I rarely use long lenses so currently leaning towards a non-folder. l’ll start working on the rear movements first since that will dictate the width of the bed, but wait on the base tilt for now in case I eventually decide on a folder.
I had rear rise on my 5×12 but never used it because the design I came up with was pretty terrible considering how heavy and wide the back was on that camera. But after using rear rise on my Arca Swiss I realize how nice it is for fine tuning the framing of a shot. Rear rise indirectly provides additional front fall as well.
Quick mock up for rear tilt and rise out of scrap parts. The rise was a total failure, but the base tilt works extremely well, surprisingly strong. I can’t budge it when locked down. The tilt pivot is a press-fit 5/16″ bronze flanged bearing, which helps prevent slop and makes it stronger. I won’t make the radial slot so long in the final part, even the 45° marks on the part would be overkill for a non-folder. Nice to be able to eliminate the angle braces. I’ll probably use something similar on the front standard as well.

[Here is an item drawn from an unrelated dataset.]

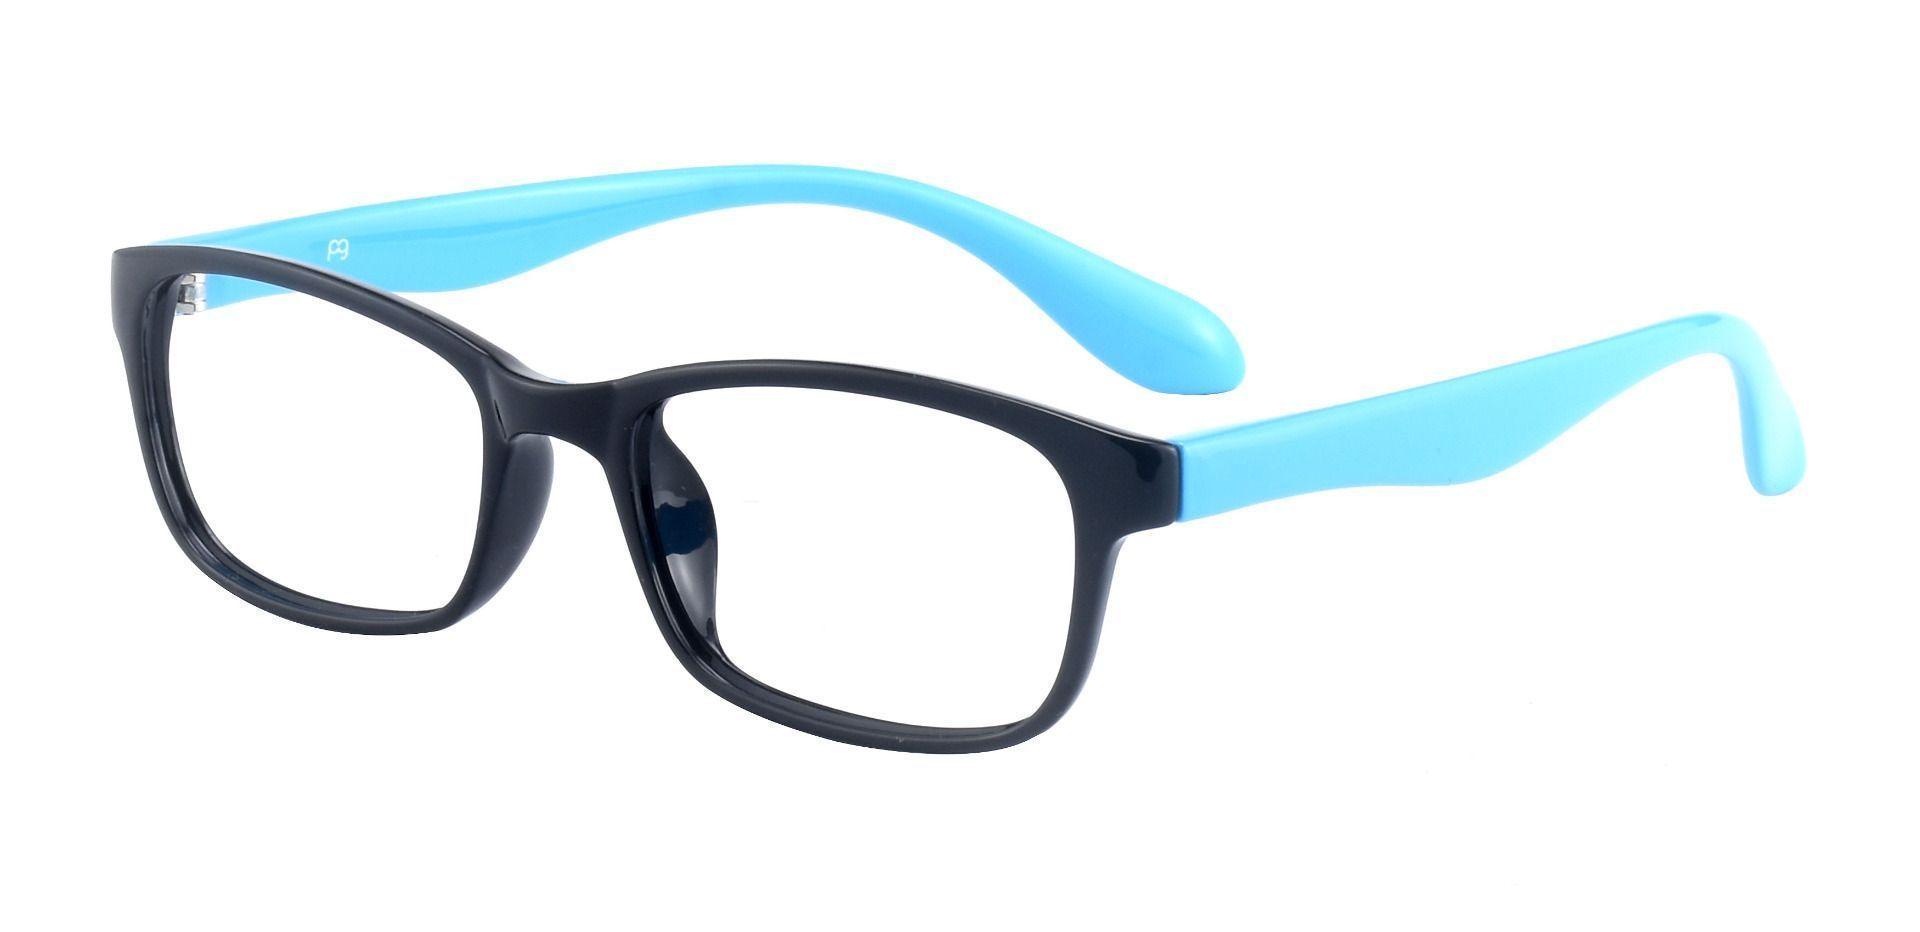 Amos Rectangle Prescription Glasses - Black

There are a few things that bug me about this tilt design. The locking knobs aren’t anywhere close to where you’d naturally hold on to the standard to adjust the tilt. With stay braces, the knobs are located at a much better leverage point for fine adjustments. On the design above, it will probably be awkward to loosen the knobs and precisely adjust the tilt since they are so close to the tilt pivot. Also, due to this proximity, there’s a chance that they very act of tightening the knobs will change the angle of the tilt. Maybe some Belleville washers would keep enough tension on the parts when loosened to prevent these problems.

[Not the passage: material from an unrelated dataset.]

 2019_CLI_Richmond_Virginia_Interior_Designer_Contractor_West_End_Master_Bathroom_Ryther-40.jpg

I mocked up a simple slot and pin style of rise out of scrap aluminum (photo above), where a knob tightens the movement down and an inline pin bushing an inch away keeps the two parts from twisting, but the pin and knob need to be spaced apart fairly wide to prevent the leverage from twisting the parts, which would greatly increase the length and weight of the parts by the time some actual space for the rise is factored in. Better to have a key way such as a dovetail to keep the parts aligned. The X-feed on my mill is only 6″, a lot of tedious setup, moving, and re-indicating the part in needed to slot anything longer. The rear rise parts won’t be over 6″ long, but I’ve always wanted to try milling longer aluminum stock on my router table, so I decided to try it with some WD40 for cutting fluid and really light passes. That way I can cut shorter pieces out of the longer stock, and not have to mill individual pieces.
Tail slot was cut first. I used a 3/4″ dado bit to plow out the center, then switched to a 1/2″ 14° dovetail bit for the final passes. Worked well, only took about 1/32 off at a time and lightly wet the part with WD40 before each pass. I also turned off the router and cleaned the router table before each pass. It took a while, but still quicker than cranking the X table feed on the micro mill. It’s a little tricky controlling the depth of cut on a router table unless you have a cast iron router table, even aluminum router table inserts tend to flex, so I made a push block out of cherry that spans the width and length of the part and helps keep even pressure on the 3/16″ aluminum bar stock.
Parts cut in two and ends squared up on the mill, one for each side of the rear standard.
Overall the router worked pretty well. The tolerances in the slot are within 10 thousandths of an inch. Not good enough to resist lifting forces, especially with such a low angle dovetail, but decent enough to eliminate radial twisting in rise and fall movements. The rise dovetails will be captive within the mounting brackets, and having one on each side will eliminate any lifting out of the ways.
The pin was not too hard to fit to the tail, I have a micro feed dial on my router fence that allows me to dial in passes at a few thousandths of an inch. I left enough depth between the pin and tail to install a UHMW film bearing between the parts. Both parts were mirror cut- after each pass, the part was flipped 180° for the next pass to keep everything centered. Frequent spring-passes help too- running another pass without changing the fence or bit depth. Deburring the parts between passes on the fitting cuts is important as well.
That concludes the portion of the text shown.